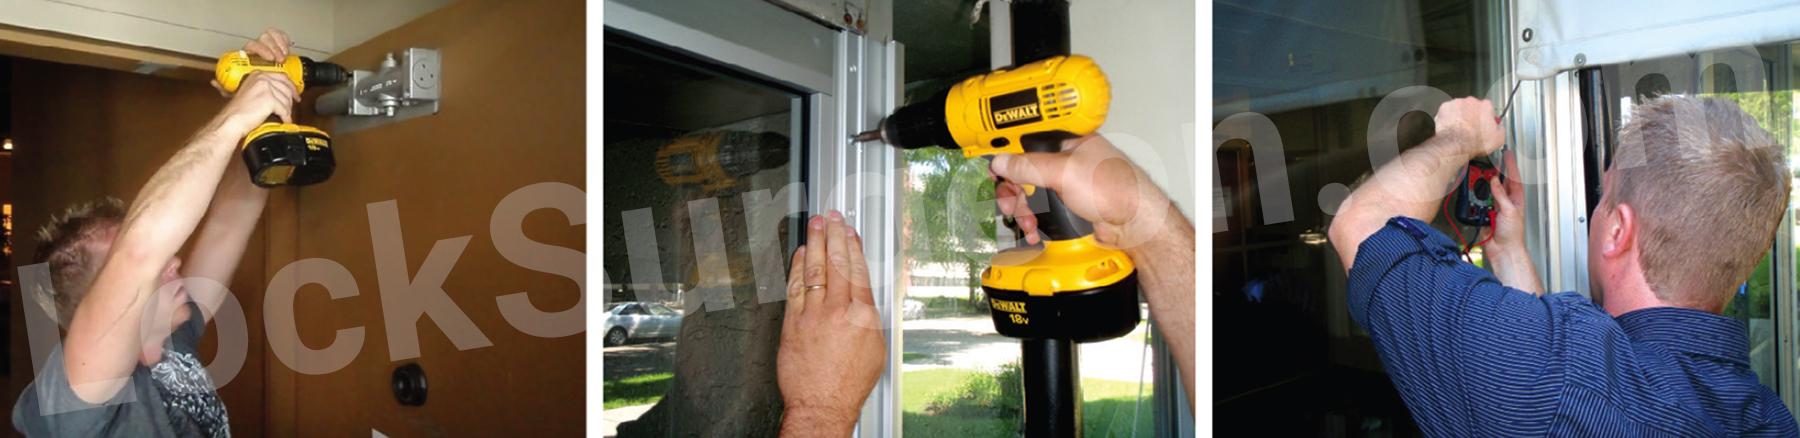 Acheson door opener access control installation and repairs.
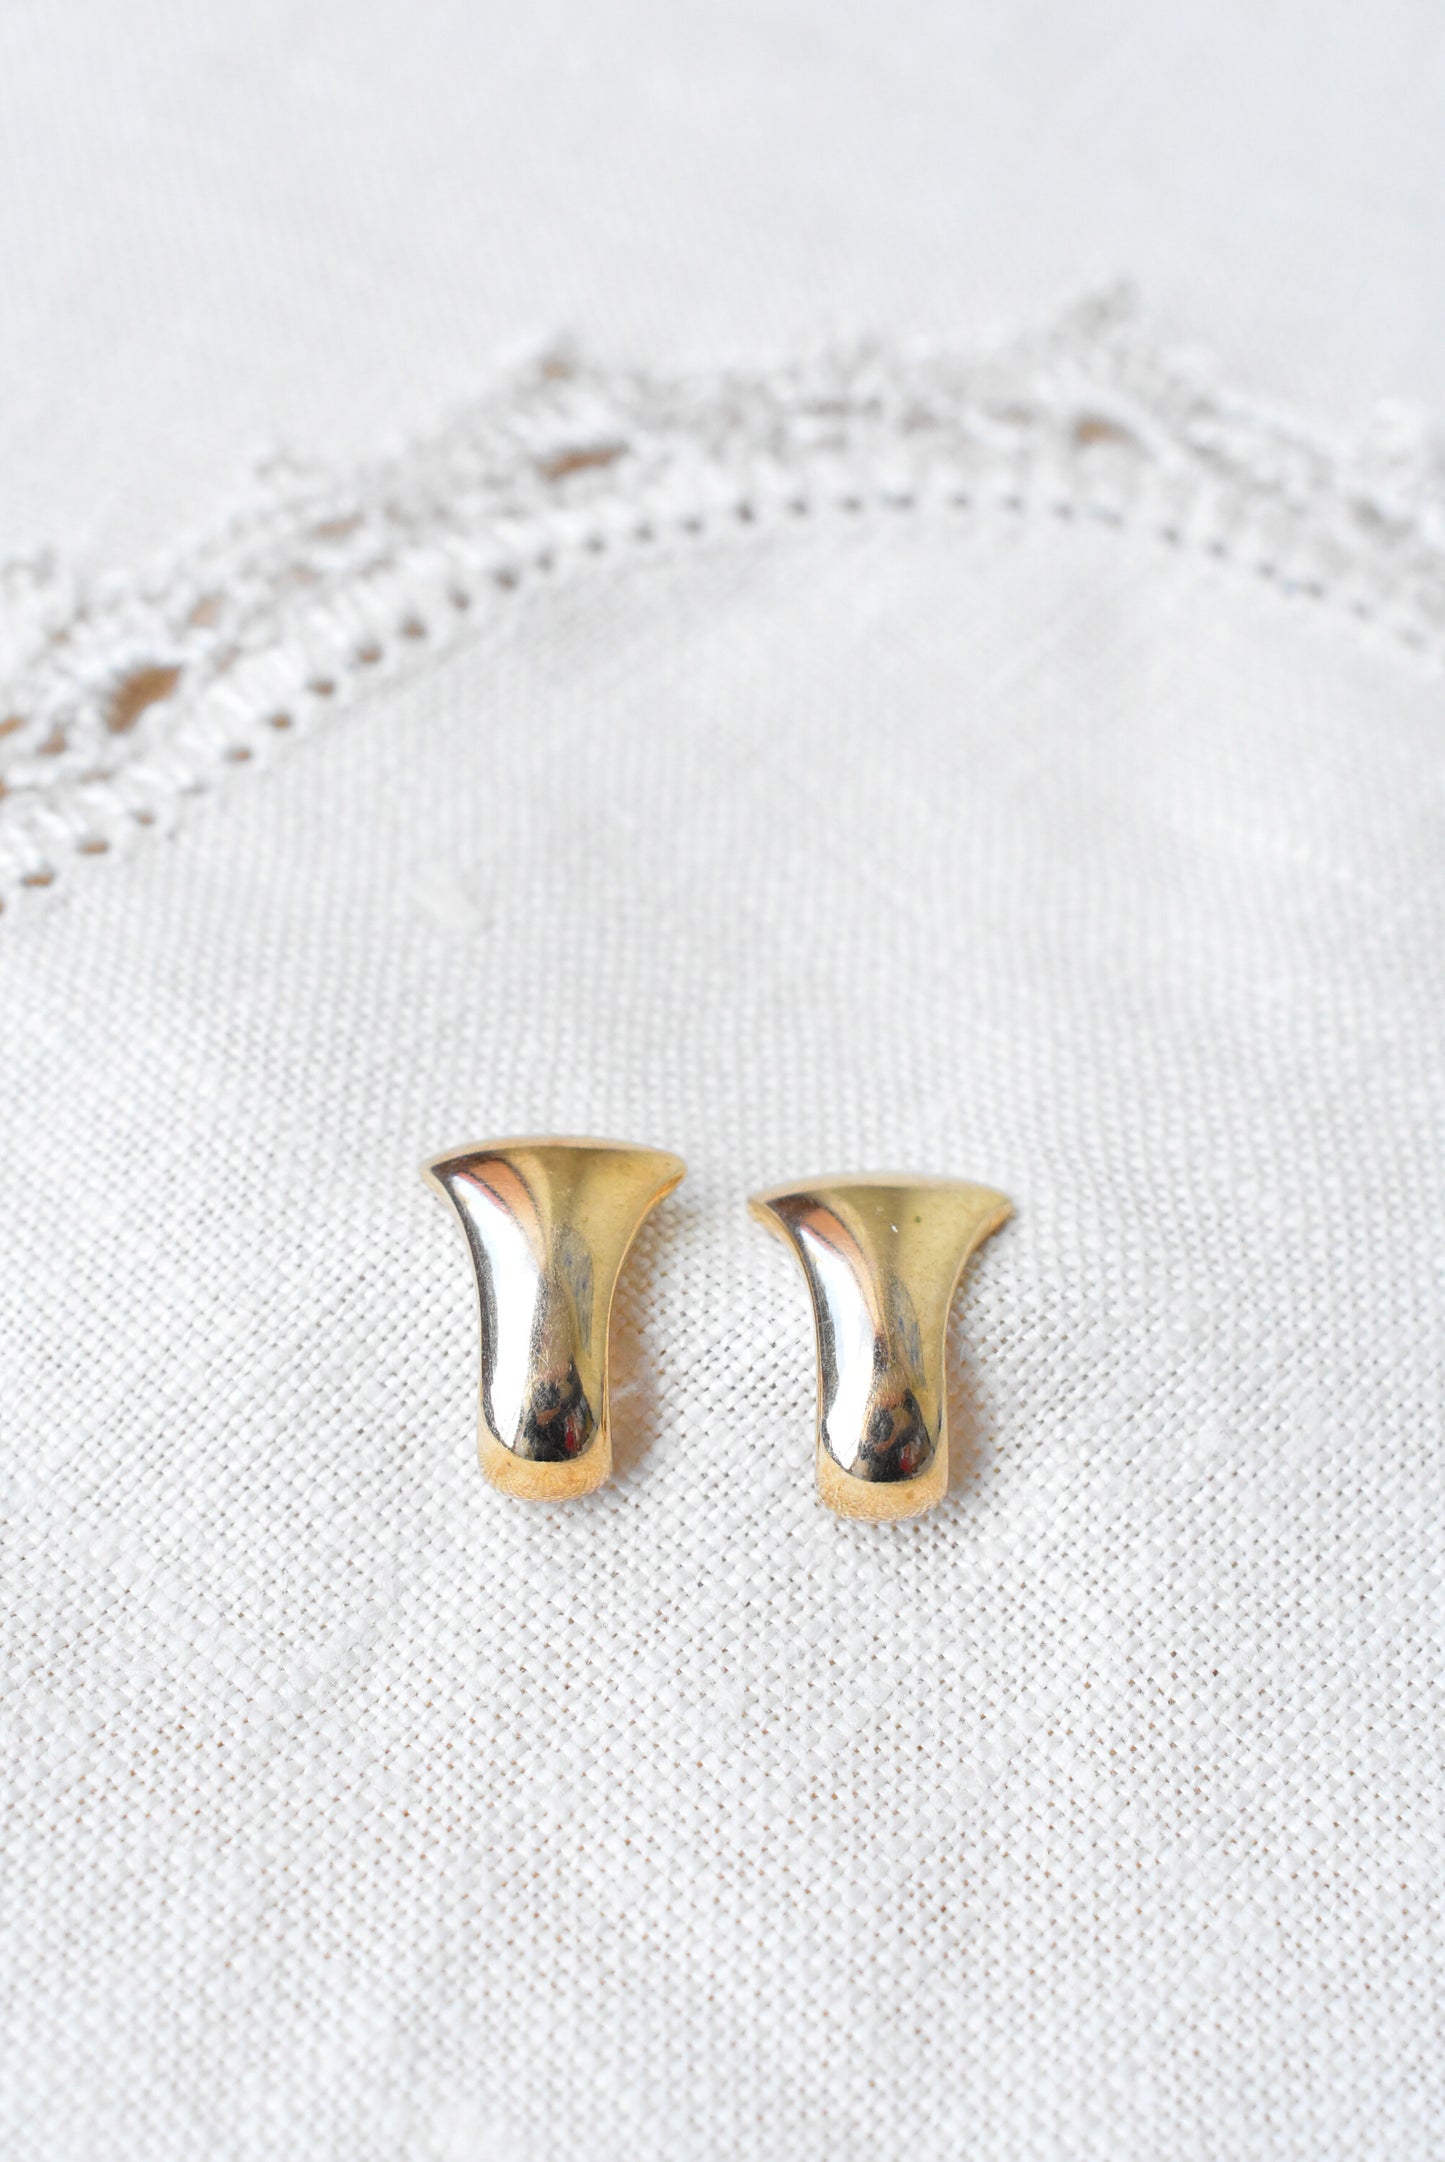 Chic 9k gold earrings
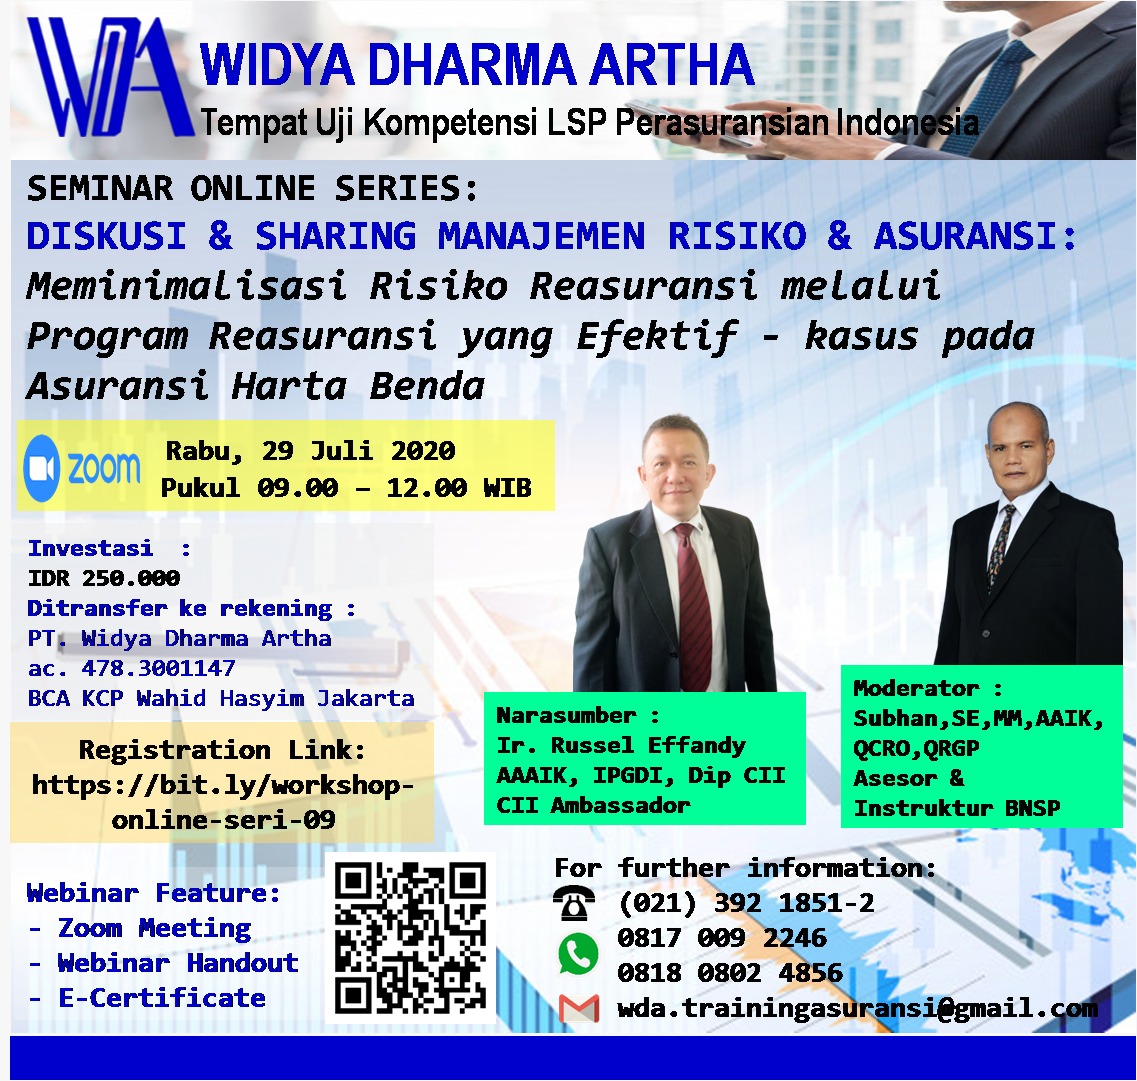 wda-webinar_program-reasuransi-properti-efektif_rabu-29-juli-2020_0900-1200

Aim of the task>
Write out the data word for word, with every picture dropped.

Your response>
 Acheson door opener access control installation and repairs.
 Chic 9k gold earrings
 wda-webinar_program-reasuransi-properti-efektif_rabu-29-juli-2020_0900-1200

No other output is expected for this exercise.